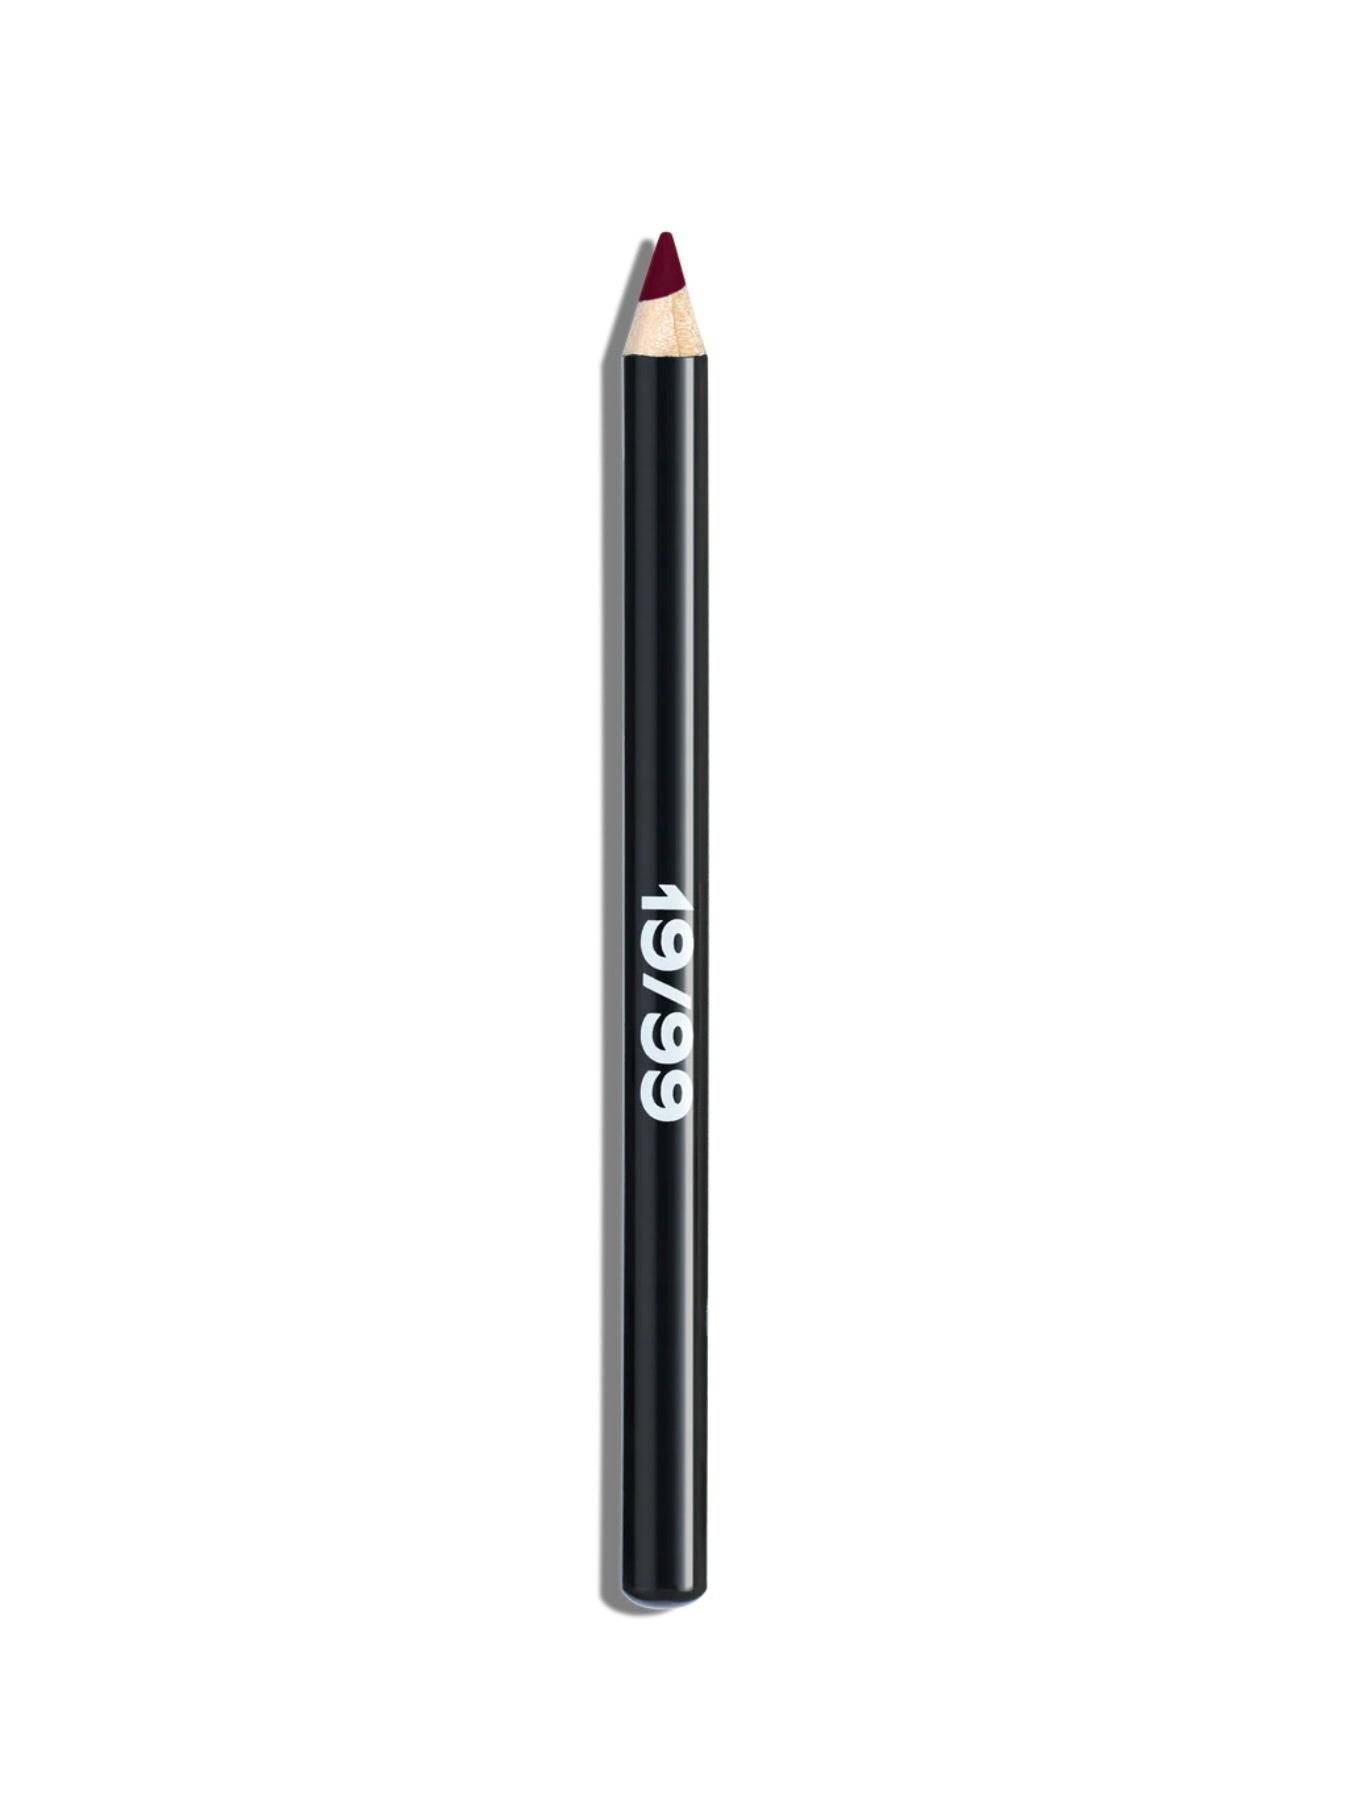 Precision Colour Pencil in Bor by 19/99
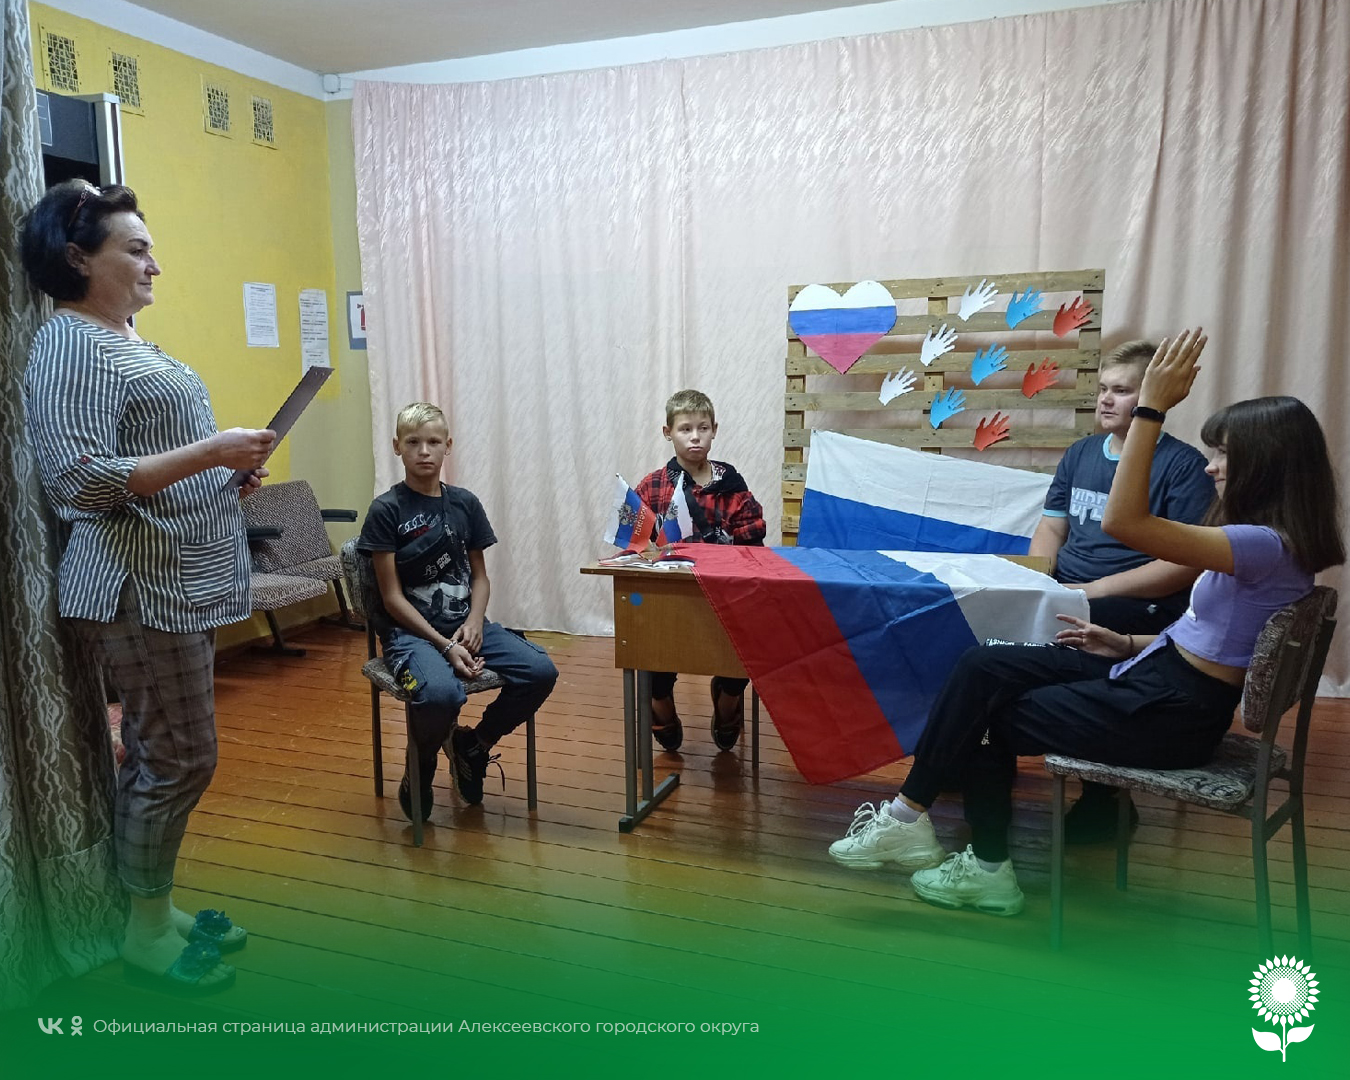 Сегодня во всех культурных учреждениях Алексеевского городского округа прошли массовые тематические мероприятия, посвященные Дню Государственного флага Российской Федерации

——————————

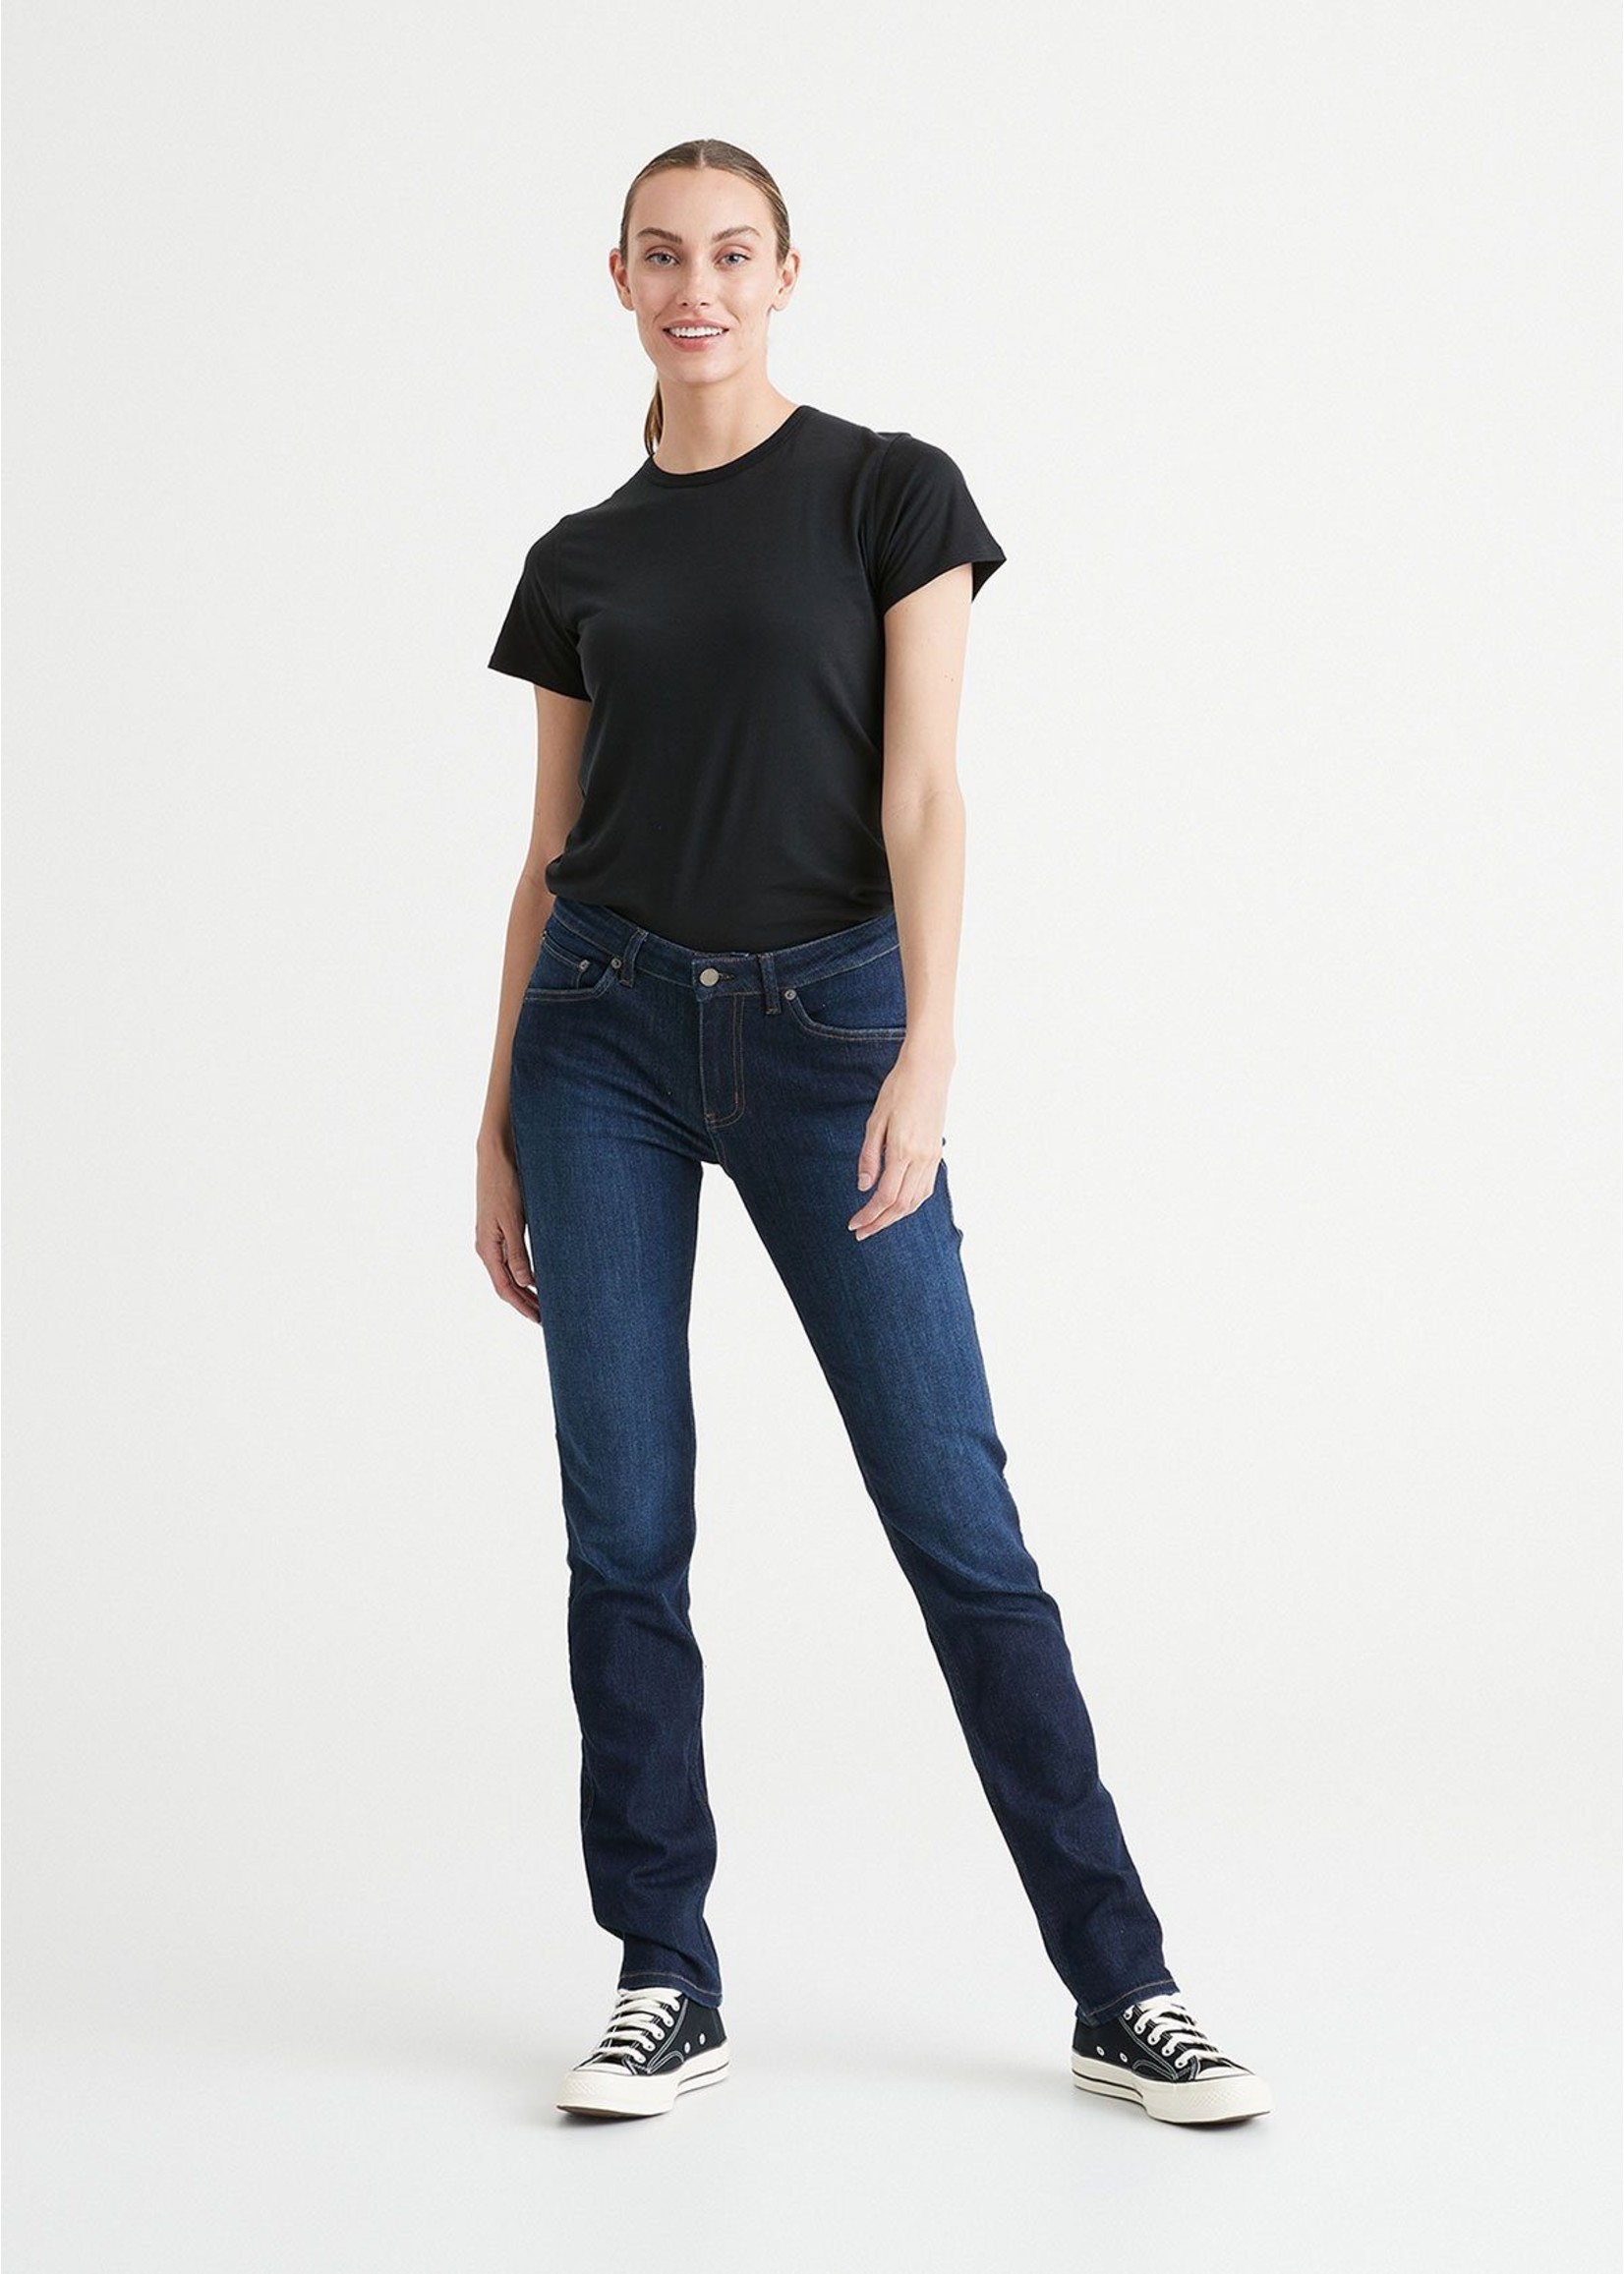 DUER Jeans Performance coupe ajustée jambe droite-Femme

——————————

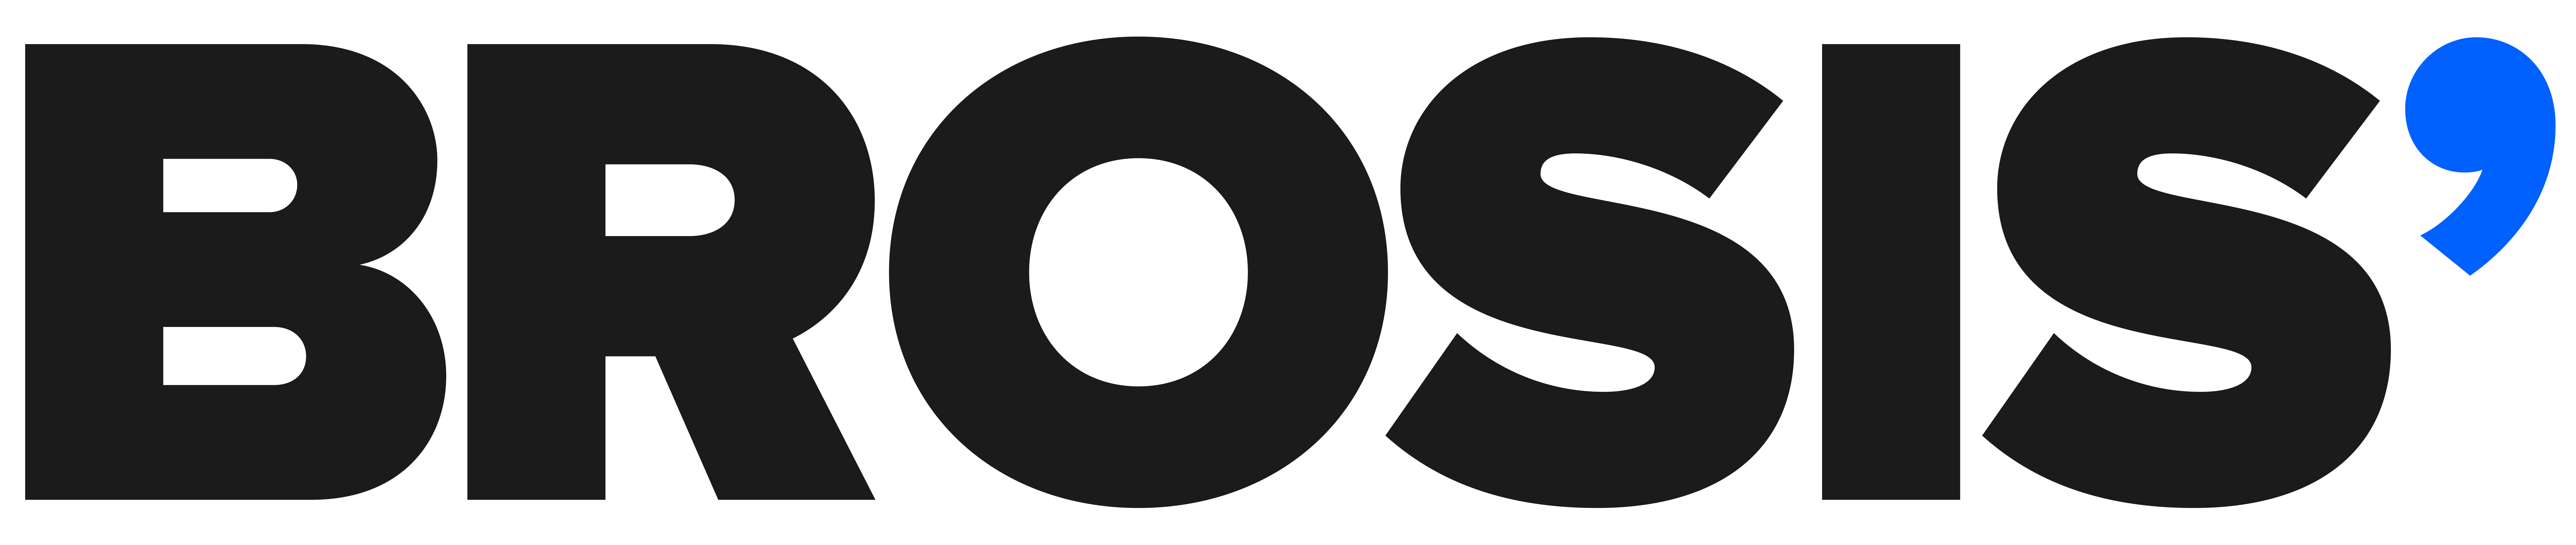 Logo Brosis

——————————

## Activity
From the records above, copy only the lines running from the line containing "Precision Colour Pencil in Bor by 19/99" to the line containing "Сегодня во всех", both ends included. Leave the pictures out.

## Task solution
 Precision Colour Pencil in Bor by 19/99
 Сегодня во всех культурных учреждениях Алексеевского городского округа прошли массовые тематические мероприятия, посвященные Дню Государственного флага Российской Федерации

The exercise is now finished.